Repository fetching:

DocsFetcher — Main fetcher class

Methods:

  • __init__(project_root, update_locks=False) — Initialize with optional commit lock updating
  • fetch() — Fetch repository and return result with commit hash
  • _fetch_remote() — Git sparse checkout from remote repository
  • _fetch_local() — Filesystem copy from local repository
  • _copy_docs() — Static method to copy docs directory
  • _copy_root_files() — Static method to copy root-level files (e.g., CONTRIBUTING.md)

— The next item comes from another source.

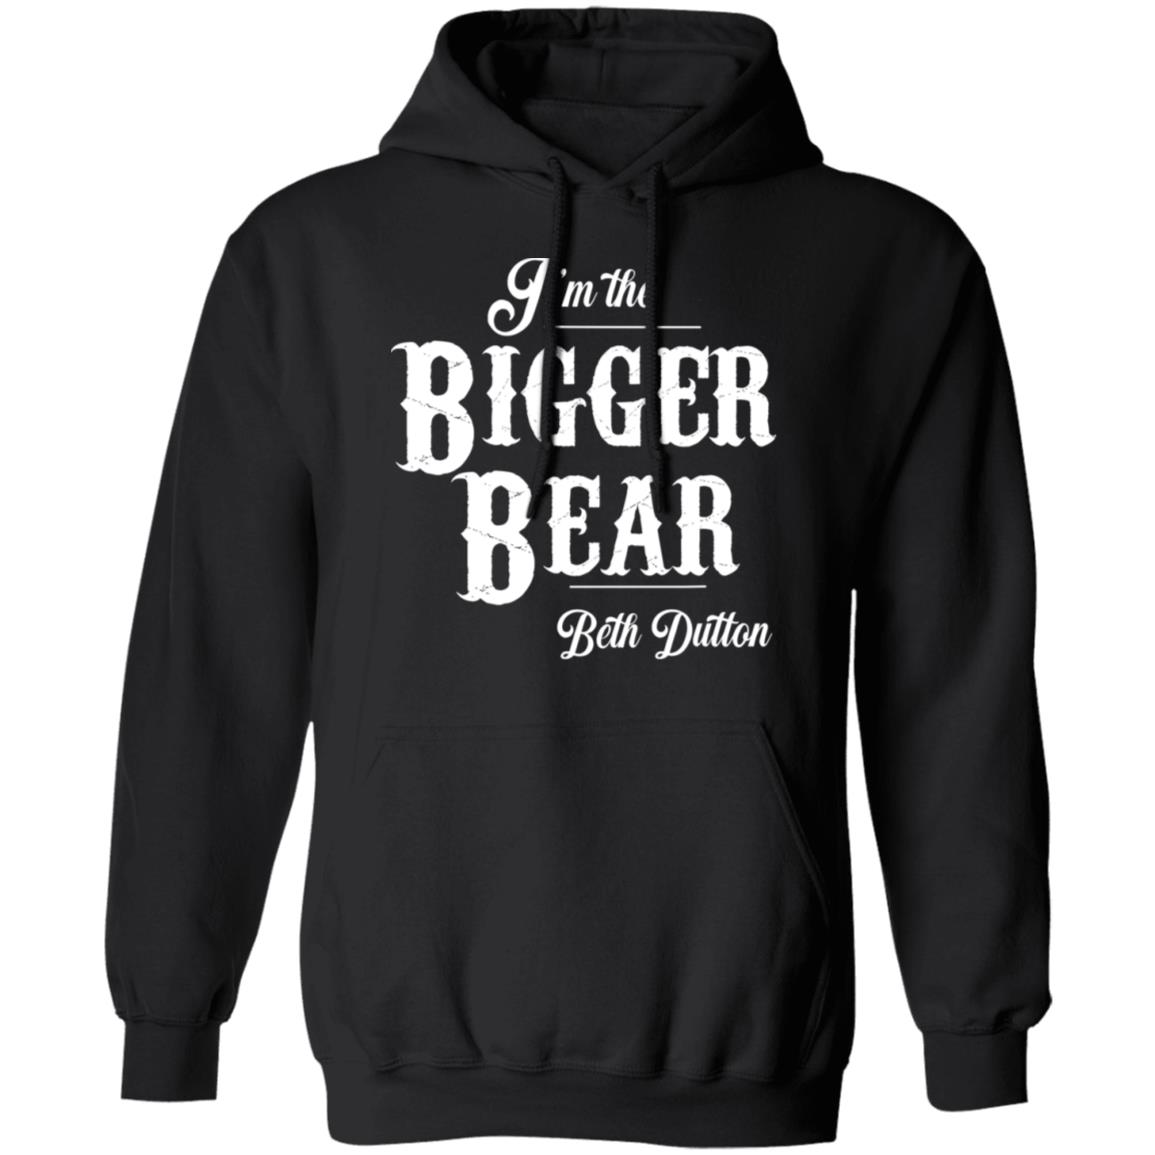 I’m The Bigger Bear Beth Dutton Shirt 1

aggregation/transformer.py

Content transformation:

  • rewrite_links() — Fix markdown links for cross-repository references
  • quote_yaml_value() — YAML safety for frontmatter values
  • ensure_frontmatter() — Add or fix frontmatter in markdown files
  • parse_frontmatter() — Extract metadata from markdown frontmatter
  • fix_broken_project_links() — Validate and fix links to project mirrors

aggregation/structure.py

Directory operations:

  • transform_directory_structure() — Restructure docs based on config mapping
  • copy_targeted_docs(source_dir, docs_dir, repo_name, media_dirs=None, root_files=None) — Copy files with github_target_path frontmatter to specified locations
    • Handles nested media dirs (e.g., tutorials/assets/) by copying to same relative path
    • Handles root-level media dirs (e.g., _static/) by copying to common ancestor of targeted files
    • Supports scanning root_files for targeted placement
  • process_markdown_file() — Transform single markdown file (links, frontmatter)
  • process_all_markdown() — Batch process all markdown files in directory

aggregate.py

CLI orchestration — Combines all modules into the complete aggregation workflow.

Usage Example

Basic programmatic usage:

python
from aggregation import load_config, DocsFetcher, process_all_markdown

# Load configuration
repos = load_config("repos-config.json")

# Initialize fetcher
fetcher = DocsFetcher(project_root)

# Fetch documentation
result = fetcher.fetch(repo, output_dir)

# Transform markdown files
process_all_markdown(target_dir, repo_name)

Key Concepts

Targeted Documentation

Files with github_target_path in their frontmatter are automatically placed at that exact path:

yaml
---
github_target_path: "docs/tutorials/example.md"
---

The copy_targeted_docs() function scans all markdown files and copies those with this frontmatter to their specified locations.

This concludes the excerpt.